L’Incubo sussultò entrambe le volte.

Furfante sollevò i pugnali e piantò il proprio acciaio nell’azzurro, dilaniando e sbrecciando, affondando fino al gomito in quella pozza di cielo che arrossava a gran velocità sotto colpi feroci. Implacabili.

Uomini, pensò Cantaluna, accasciato contro il tronco, a pochi passi da Mia, mentre un brivido lo percorreva. Una specie spietata e crudele. Forse le vecchie storie non sono tutte sbagliate…

Mentre il mostro s’inarcava di dolore, ululando sofferenza attraverso la selva ammutolita, Furfante colpì ancora. E ancora.

Le ossa dell’orbita cedettero.

La creatura schiantò sulle zampe anteriori.
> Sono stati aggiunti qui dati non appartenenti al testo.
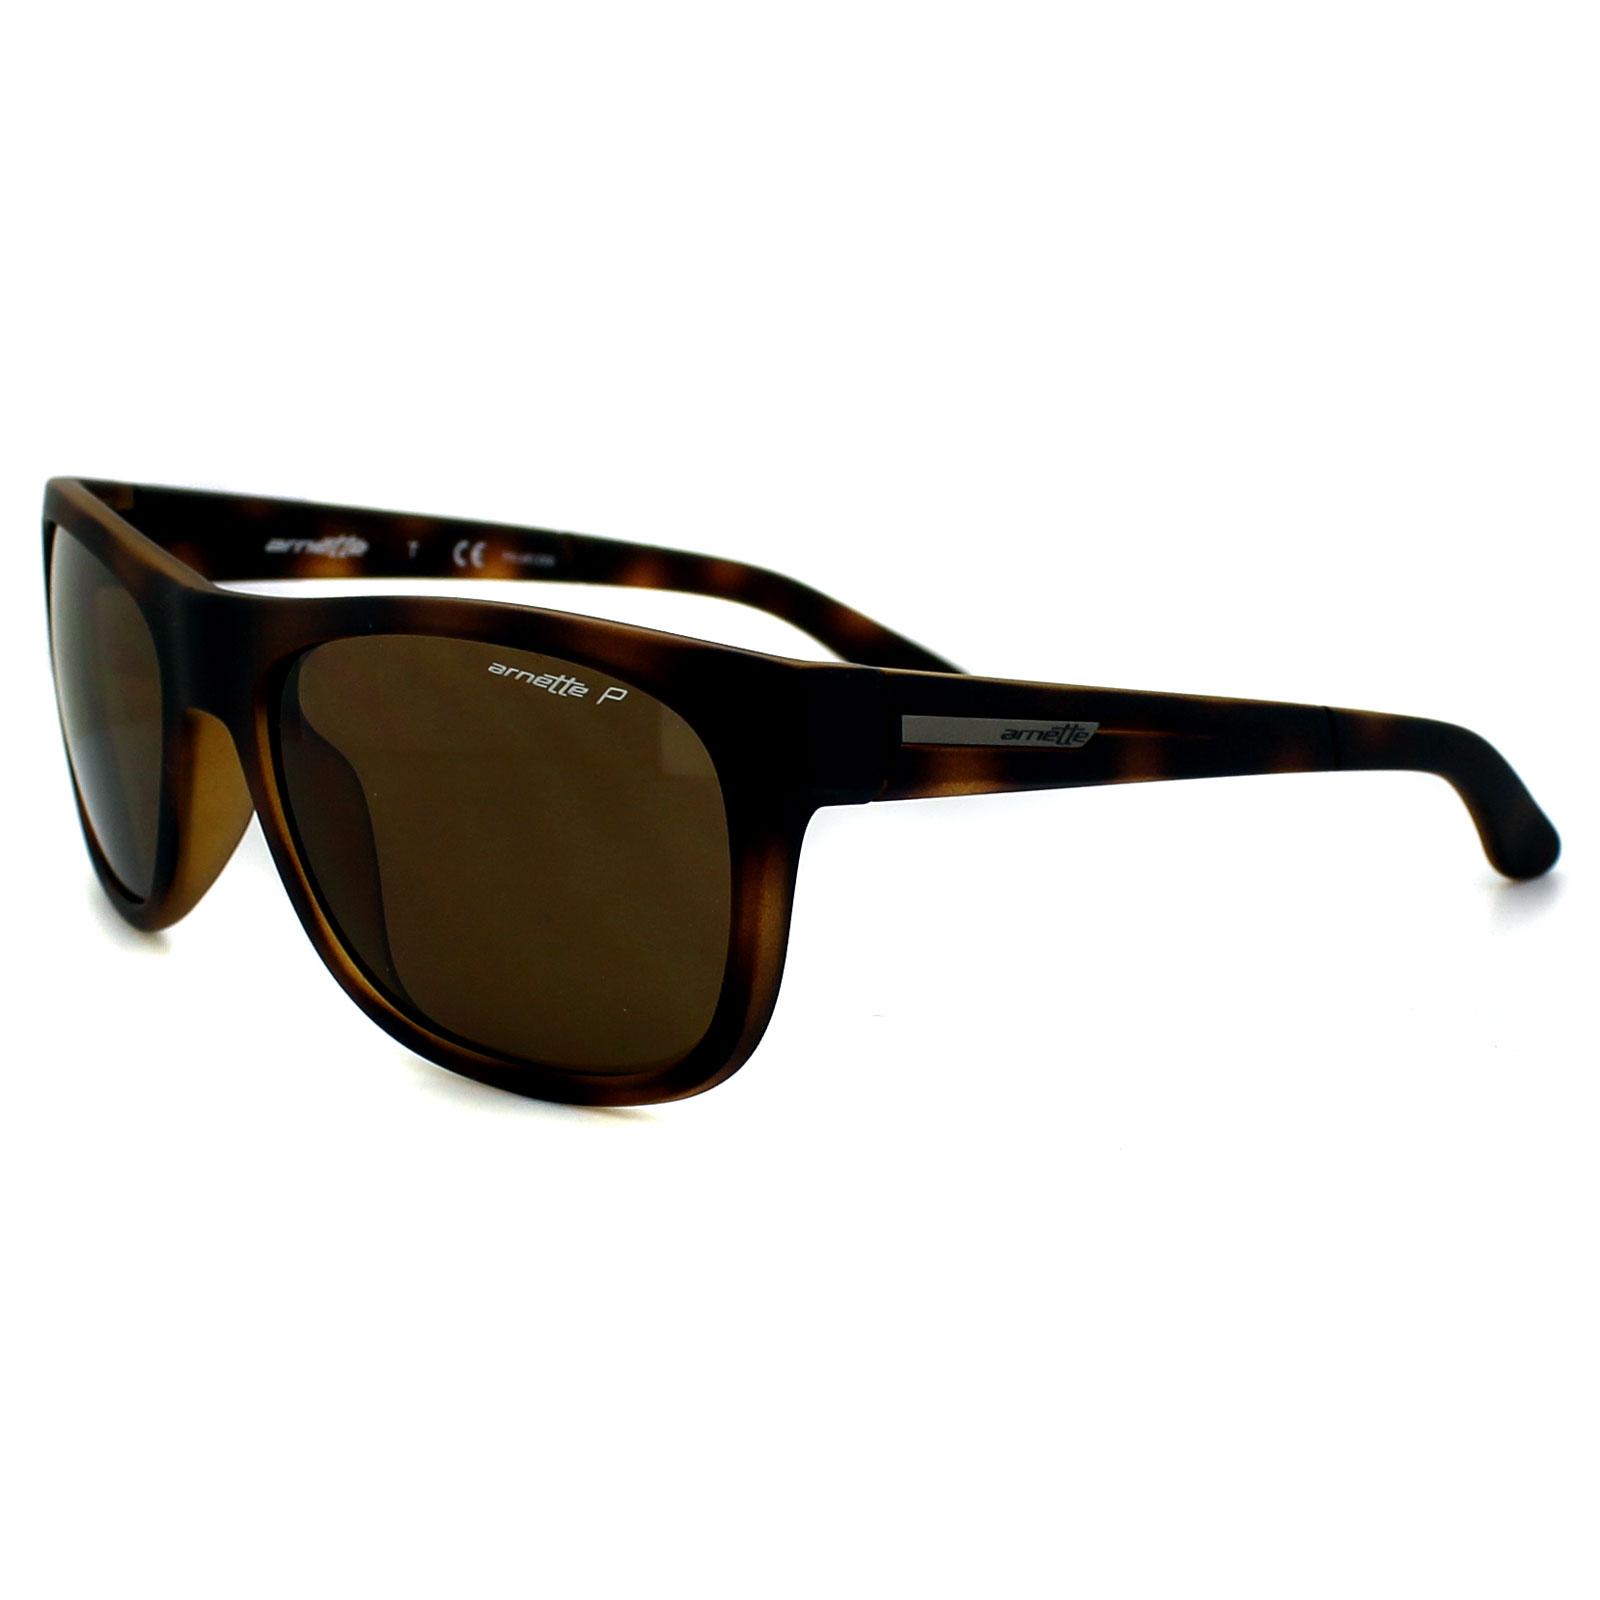 66c446f1d7 Details about Arnette Sunglasses 4206 Fire Drill Lite 215283 Fuzzy Havana  Brown Polarized

Furfante balzò a terra, raccolse una lancia e, mentre Cantaluna si tirava in piedi e lo affiancava, la spinsero insieme fin dentro il cranio deforme.

Crepitando, le ultime fiamme consumarono quel che restava del roseto lungo il fianco della bestia; un fumo nero, acre e oleoso si alzò oltre la chioma degli alberi più alti.

Caddero alcune foglie tra i respiri affannosi dei sopravvissuti e il sangue versato.

Poi l’Incubo emise un rantolo e morì.

 

Scorsero la città di Par tre giorni dopo.

Erano ancora lontani ma, anche da quella distanza, ciò che rimaneva del grande albero scintillava nel tramonto. Ammiccanti bagliori tra il rigoglioso fogliame del fusto.

Morditore strinse gli occhi. Le ferite bruciavano ancora ma lo stupore trapelava dalle sue parole.

«C’è metallo nell’albero?»

Rabbe, al suo fianco, rise. «No, è l’albero stesso a essere fatto di metallo, o quel che ne resta. La natura se l’è solo ripreso, e la ruggine sta facendo il resto.»

«Non capisco» disse Morditore.

Rabbe indicò i quattro fusti distinti, tralicci di ferro intrecciati che si congiungevano sulla cima, ora spezzata. Anche così, il moncone superstite svettava a un’altezza impossibile rispetto al fiume più in basso, la città e la sua isola. «Le rovine degli Antichi non si possono capire. Solo accettare, come la fede nello Scultore.»

Toccò a Mia ridere questa volta, ma Rabbe non parve prendersela.

Qualche passo davanti a loro, anche Cantaluna e Furfante contemplavano la meraviglia di Par.

Un pensiero strano attraversò la mente del mercenario.

Forse la scienza di ieri è la magia di oggi. Forse la magia di oggi sarà la scienza di domani.

Cantaluna scosse la testa.

Allungò una mano e la posò sul capo di Furfante, scompigliandone la zazzera arruffata.

Cane e Uomo indugiarono contro l’orizzonte, ognuno perso nei propri irrequieti sogni.

Dopo un po’, Mia li guardò avviarsi lungo lo sconnesso sentiero degli Antichi.

Fianco a fianco.

Un’alleanza che la sconcertava sempre ma, nonostante i pregiudizi, in qualche modo familiare. Rassicurante.

«Andiamo» disse incamminandosi.

Una smorfia sorniona sotto baffi da gatta.

«Vediamo cos’ha in serbo per noi lo Scultore, oggi.»